I'm trying to transcribe Telegram audio messages, using Mozillas speech-to-text engine deepspeech.
Using *.wav
in 16bit 16khz works flawless.
I want to add *.ogg
opus support, since Telegram uses this format for it's audio messages.
I have tried pyogg and soundfile so far, with no luck.
Soundfile could outright not read the opus format and pyogg is a pain to install without conda.
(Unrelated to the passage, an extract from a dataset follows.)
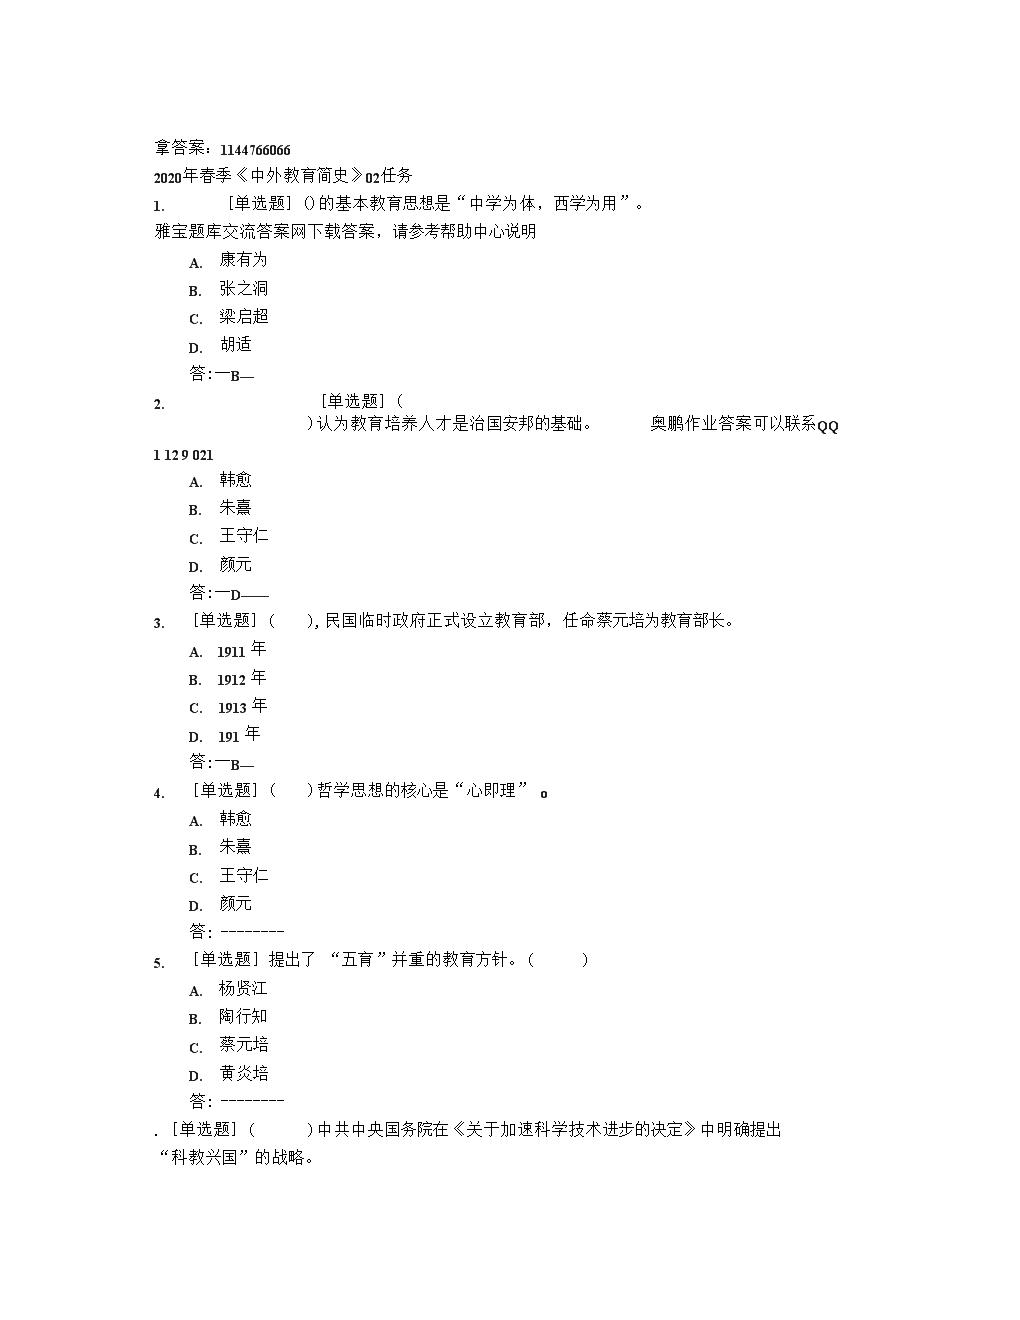 贵州电大2020年春季《中外教育简史》02任务参考非答案..docx

I had really weird moments where it literally crashed python.
Right now, I'm trying librosa with mixed results.
data, sample_rate = librosa.load(path)
tmp = np.array(data, np.float16)
tmp.dtype = np.int16
int16 = np.array(tmp, dtype=np.int16)
metadata = model.sttWithMetadata(int16)
Deepspeech really likes np.int16
. model.sttWithMetadata
is essentially the call for the transcriber.
Right now, it does transcribe something, but nowhere near anything resembling what I speak in my audio message.
librosa returns an array floats in range -1.0
to 1.0
. In int16 the maximum value is 32767
. So you have to multiply to scale the signal, then convert to int16.
data, sample_rate = librosa.load(path)
int16 = (data * 32767).astype(np.int16)
metadata = model.sttWithMetadata(int16)
Quick explanation why 32767:
In 16-bit computing, an integer can store 216 distinct values.
That means, unsigned integers can range from 0 to 65,535 and the two complement representation from -32,768 to 32,767. This means, a processor with 16-bot memory addresses can access 64KB (or 64 * 1024 = 65,436 unique addresses) of memory at a time.
If our float array then has values, ranging from -1.0 to 1.0, we scale the signal by a factor of 32,767 to make it compatible with the 16 bit addresses your deepspeech model expects to find.